Integrating AI and Learning Analytics for Data-Driven Pedagogical Decisions and Personalized Interventions in Education
Authors: Ramteja Sajja, Yusuf Sermet, David Cwiertny, Ibrahim Demir
Abstract: This research study delves into the conceptualization, development, and deployment of an innovative learning analytics tool, leveraging the capabilities of OpenAI's GPT-4 model. This tool is designed to quantify student engagement, map learning progression, and evaluate the efficacy of diverse instructional strategies within an educational context. Through the analysis of various critical data points such as students' stress levels, curiosity, confusion, agitation, topic preferences, and study methods, the tool offers a rich, multi-dimensional view of the learning environment. Furthermore, it employs Bloom's taxonomy as a framework to gauge the cognitive levels addressed by students' questions, thereby elucidating their learning progression. The information gathered from these measurements can empower educators by providing valuable insights to enhance teaching methodologies, pinpoint potential areas for improvement, and craft personalized interventions for individual students.
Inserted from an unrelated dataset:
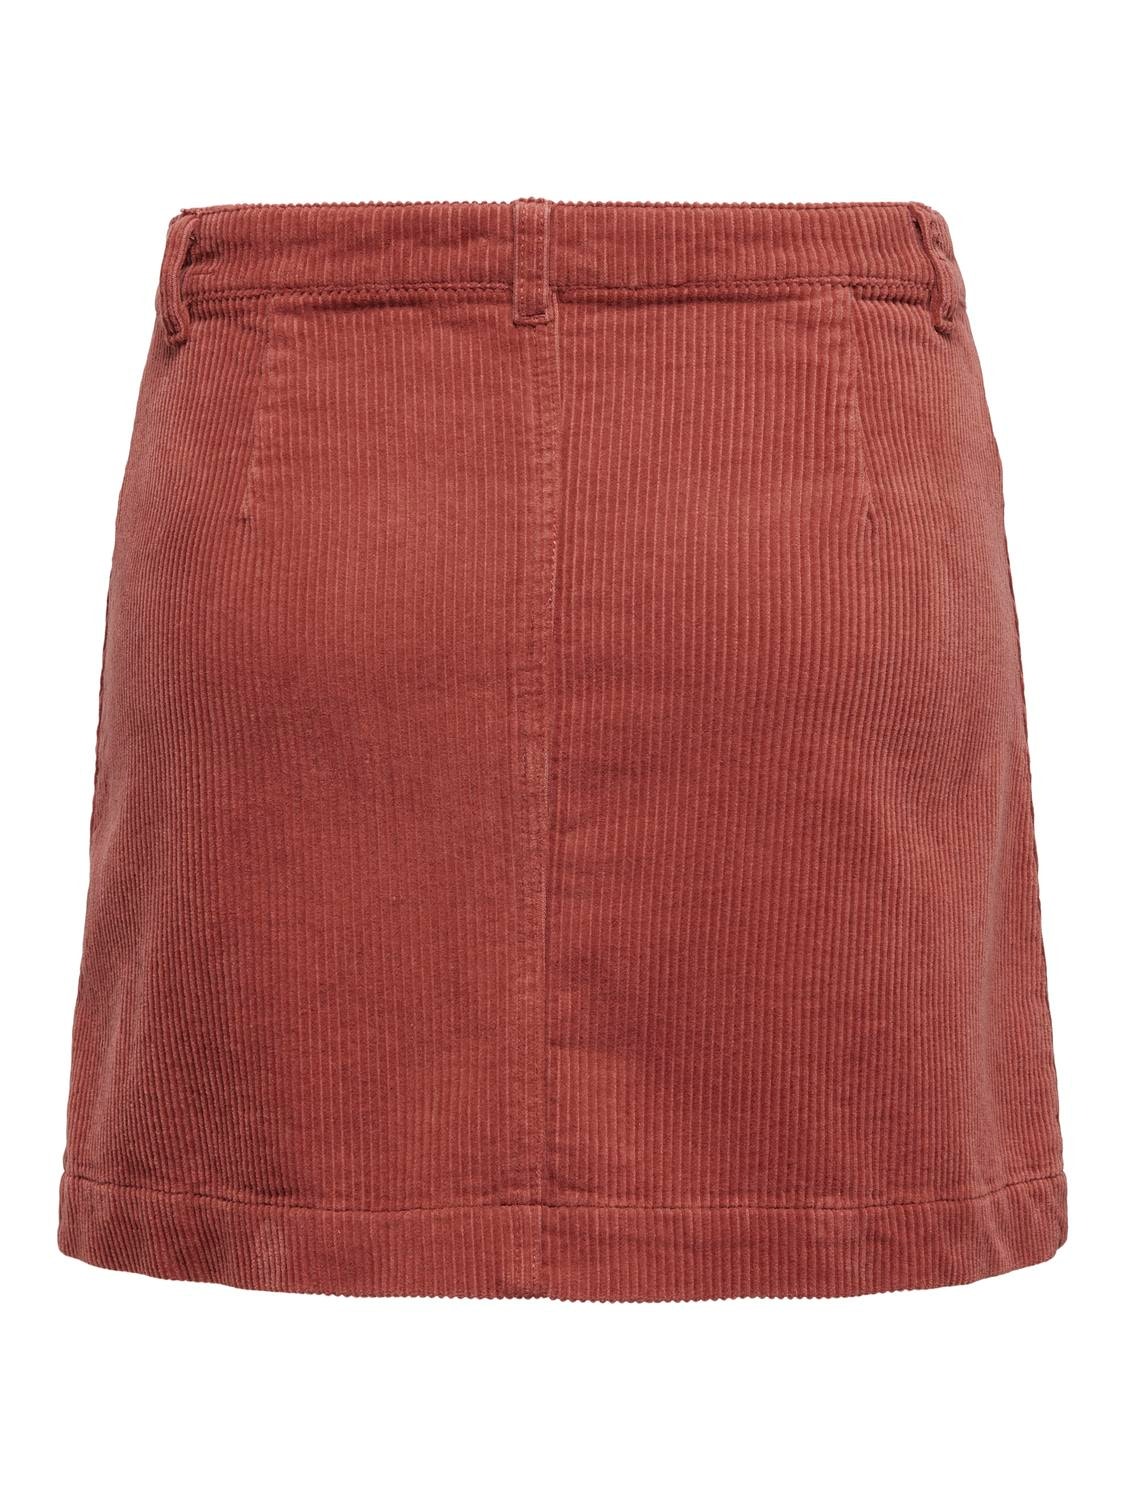 ONLY High waist Short skirt -Spiced Apple - 15182080
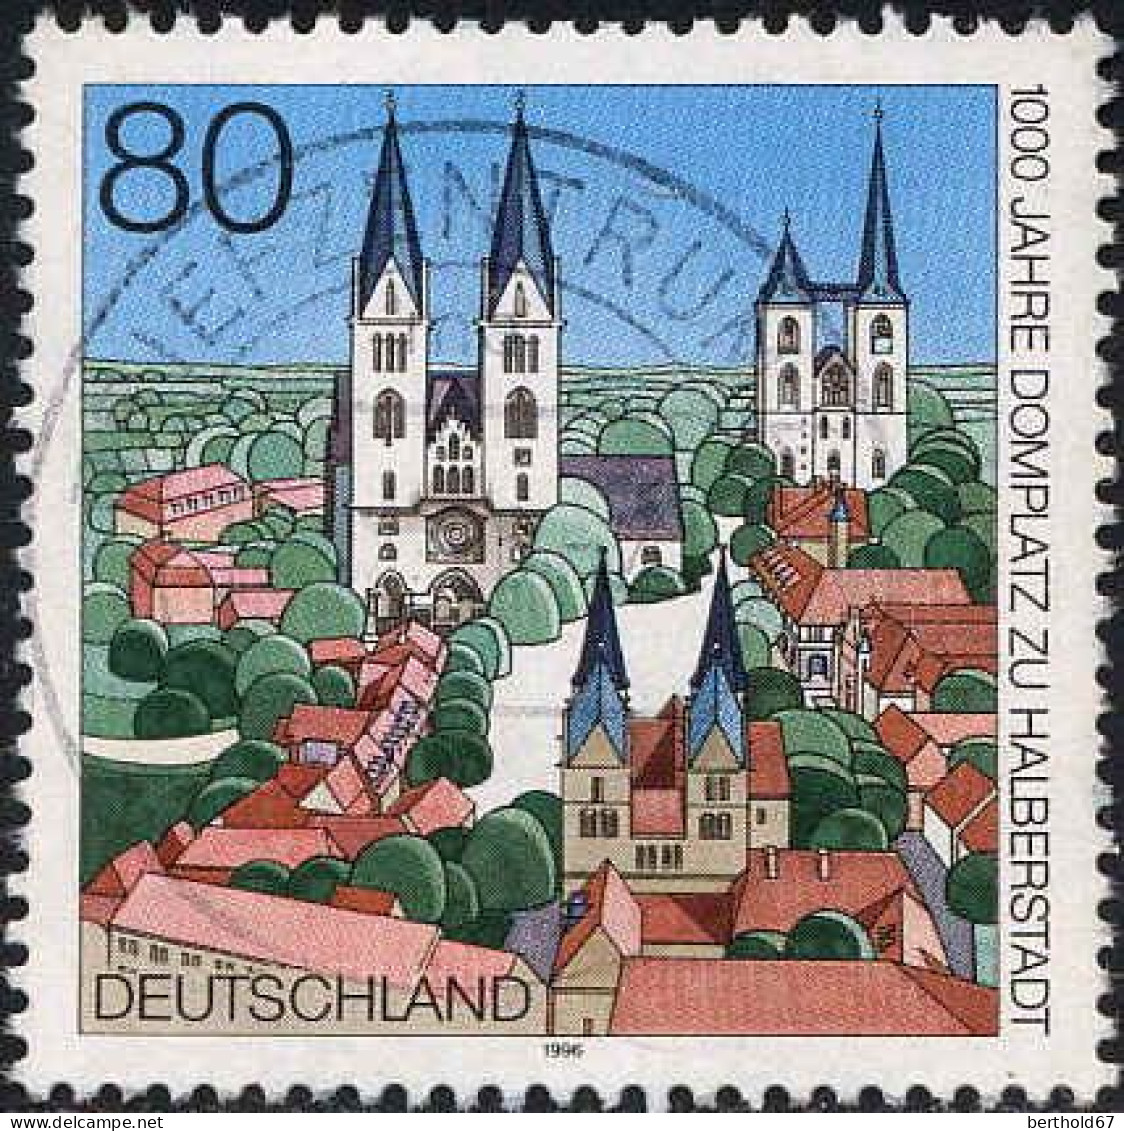 RFA Poste Obl Yv:1678 Mi:1846 1000 Jahre Domplatz Zu Halberstadt (TB Cachet Rond) - Usados

The study articulates the design intricacies, implementation strategy, and thorough evaluation of the learning analytics tool, underscoring its prospective contributions to enhancing educational outcomes and bolstering student success. Moreover, the practicalities of integrating the tool within existing educational platforms and the requisite robust, secure, and scalable technical infrastructure are addressed. This research opens avenues for harnessing AI's potential in shaping the future of education, facilitating data-driven pedagogical decisions, and ultimately fostering a more conducive, personalized learning environment.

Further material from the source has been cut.